- _Problem statement_
What you return must match the listing below line for line, minus its pictures.

- _Data provided_
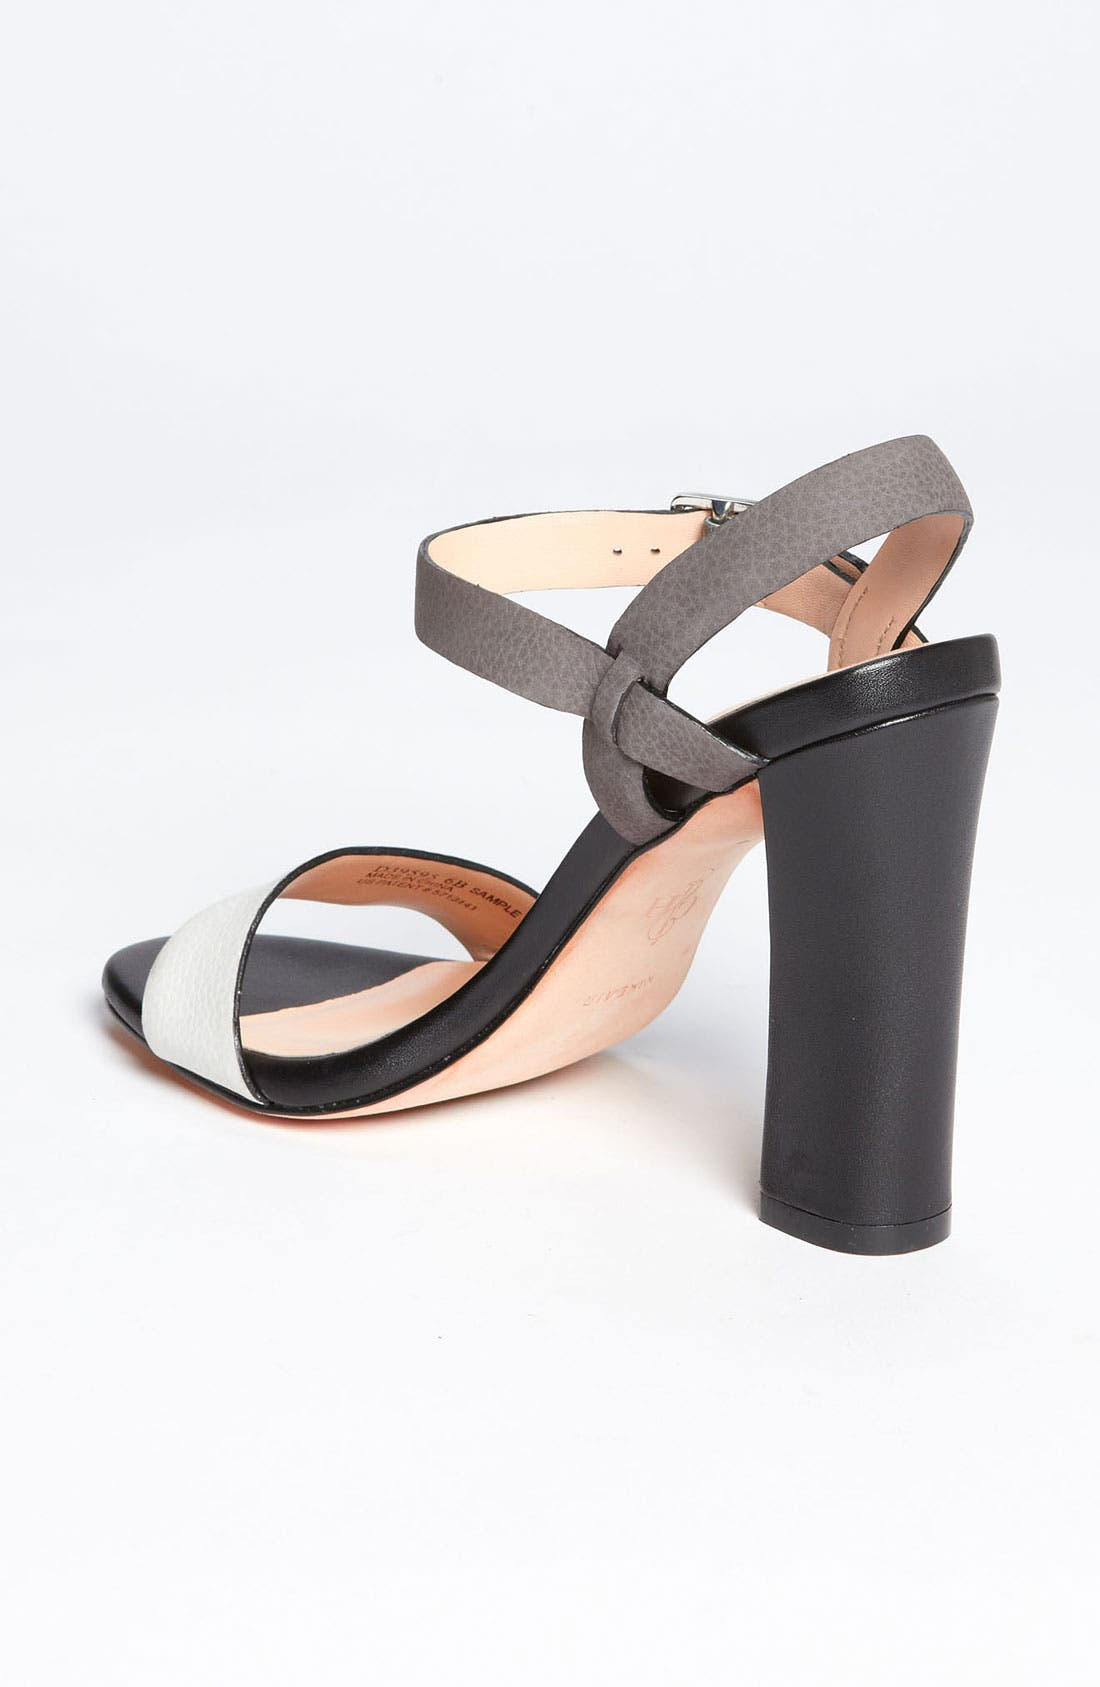 COLE HAAN,                             'Minetta' Sandal,                             Alternate thumbnail 4, color,                             020
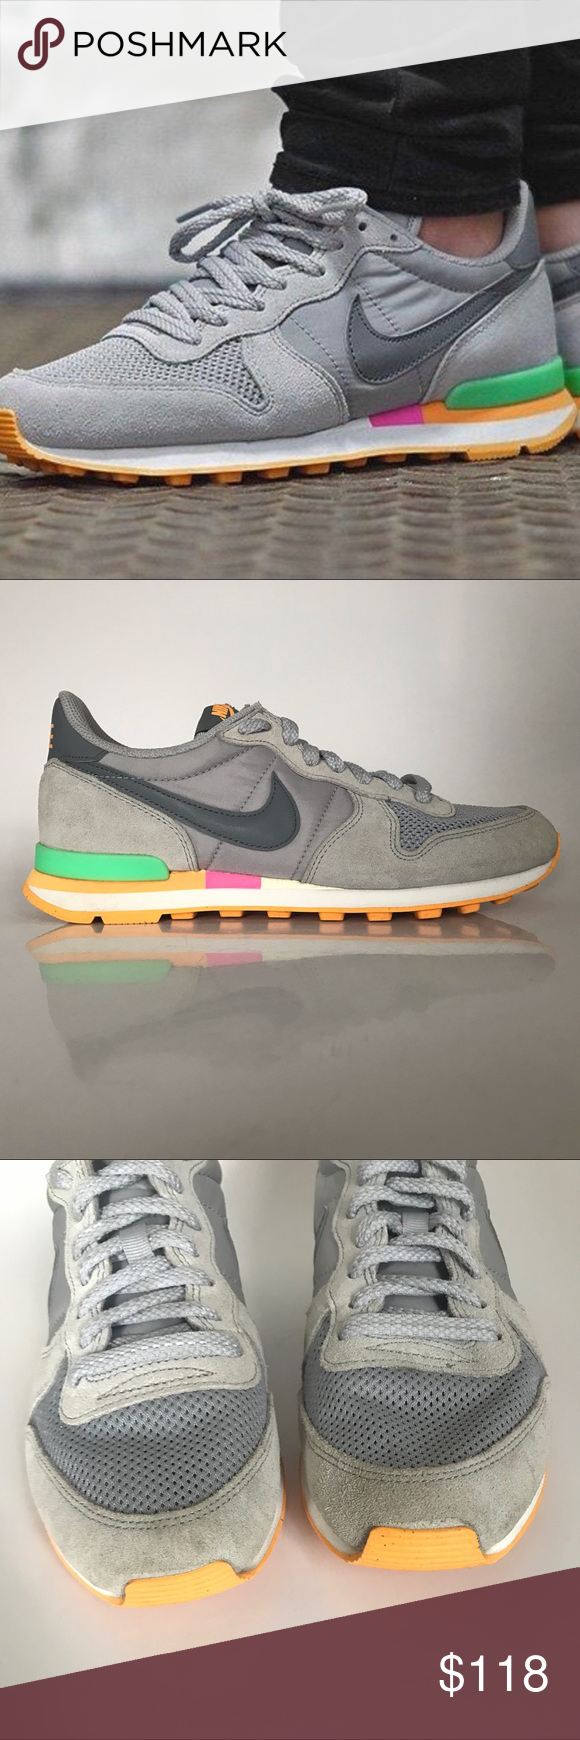 23++ Neon green nike shoes ideas information
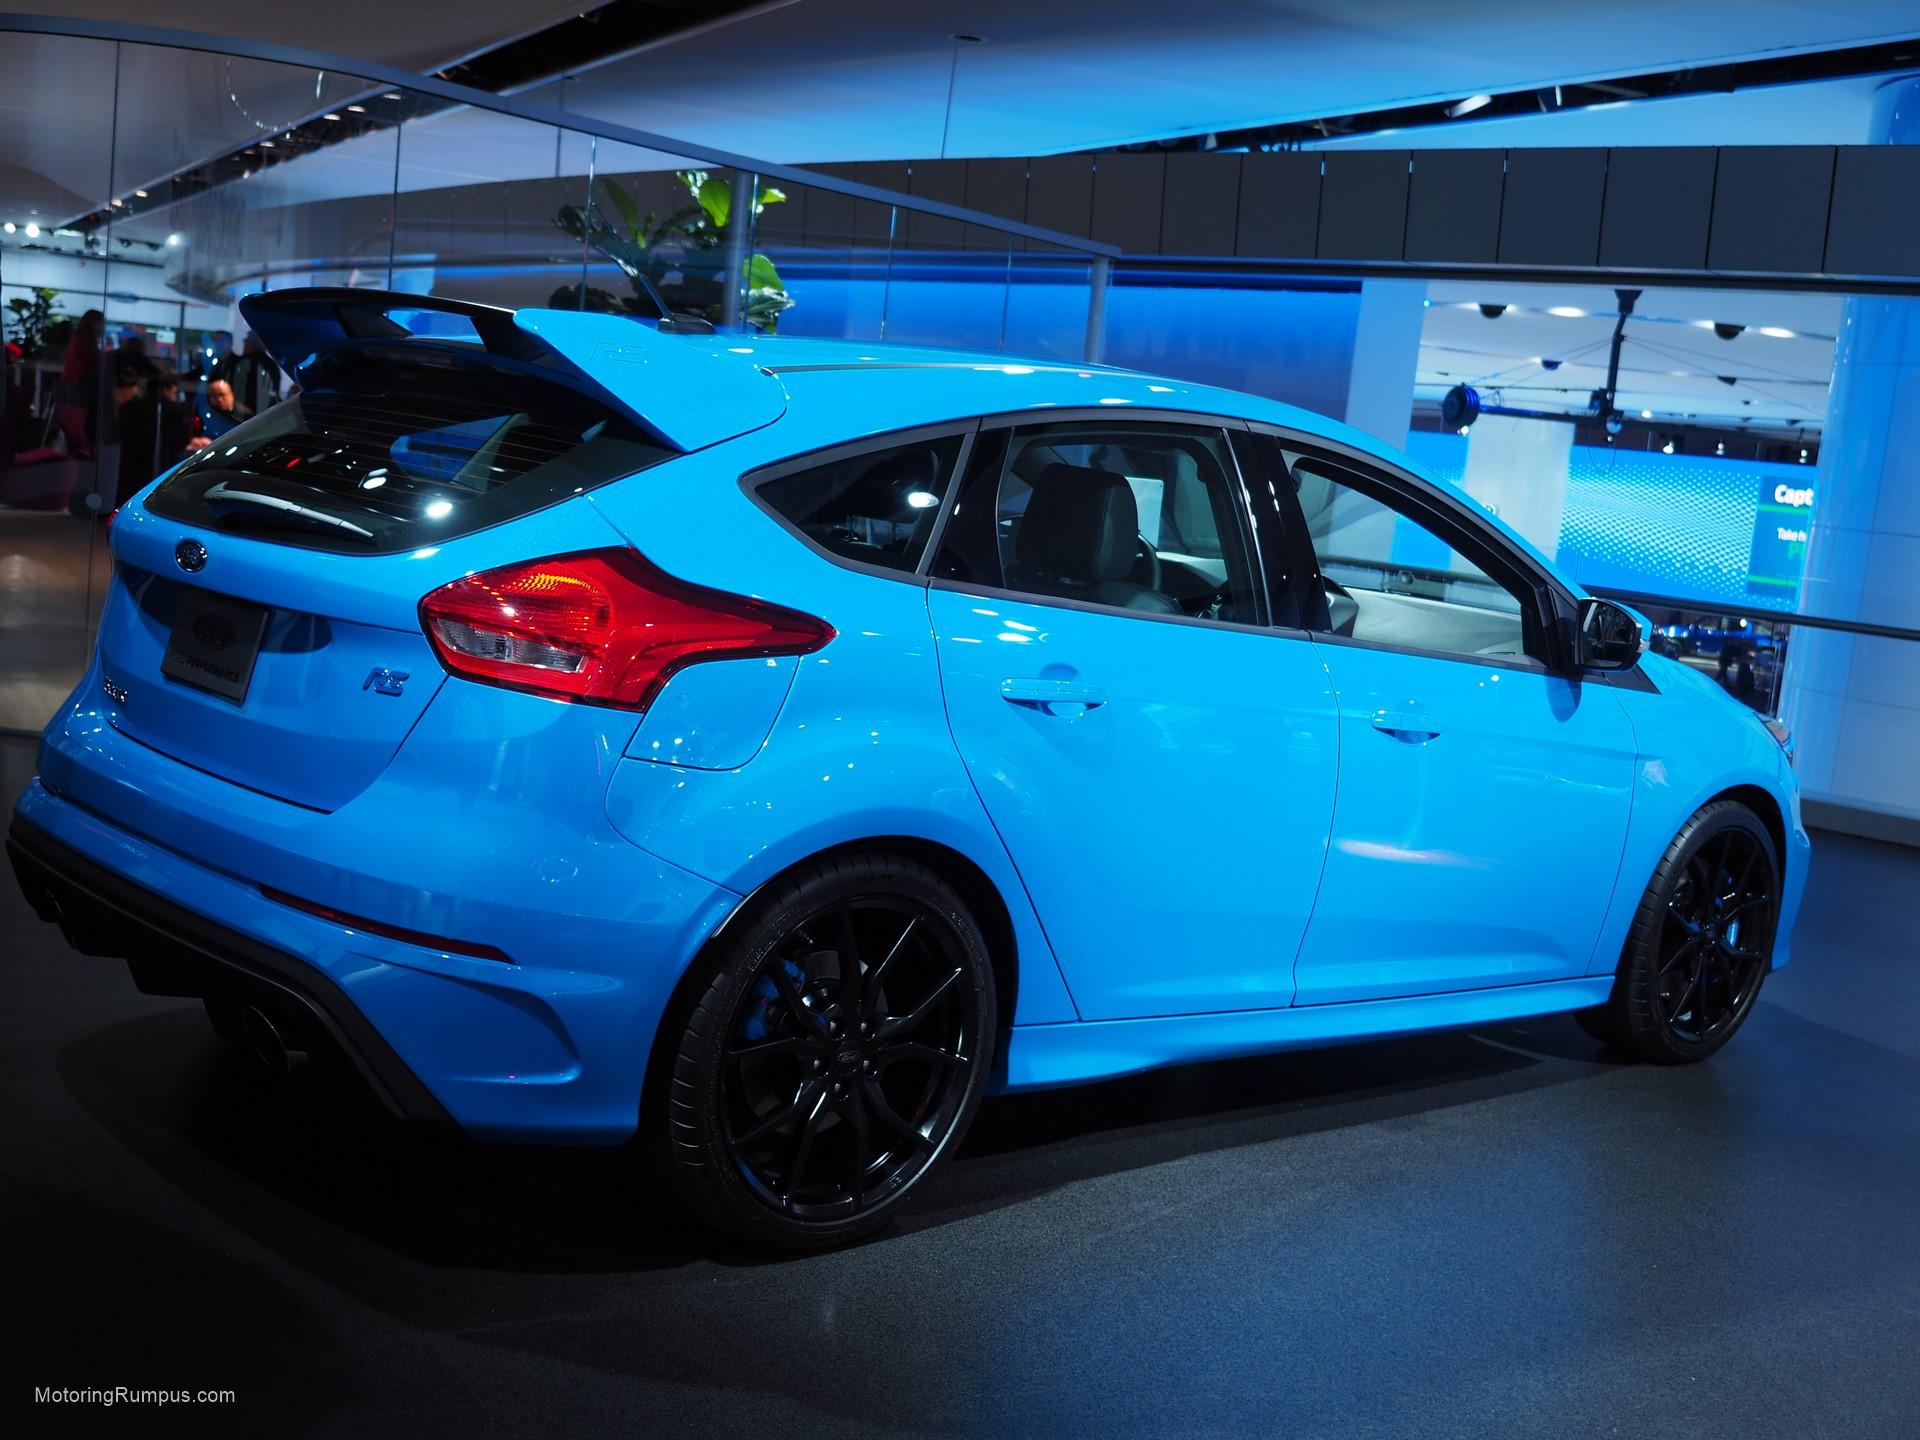 2016 Naias Ford Focus Rs Nitrous Blue Motoring Rumpus

- _Exercise response_
 COLE HAAN,                             'Minetta' Sandal,                             Alternate thumbnail 4, color,                             020
 23++ Neon green nike shoes ideas information
 2016 Naias Ford Focus Rs Nitrous Blue Motoring Rumpus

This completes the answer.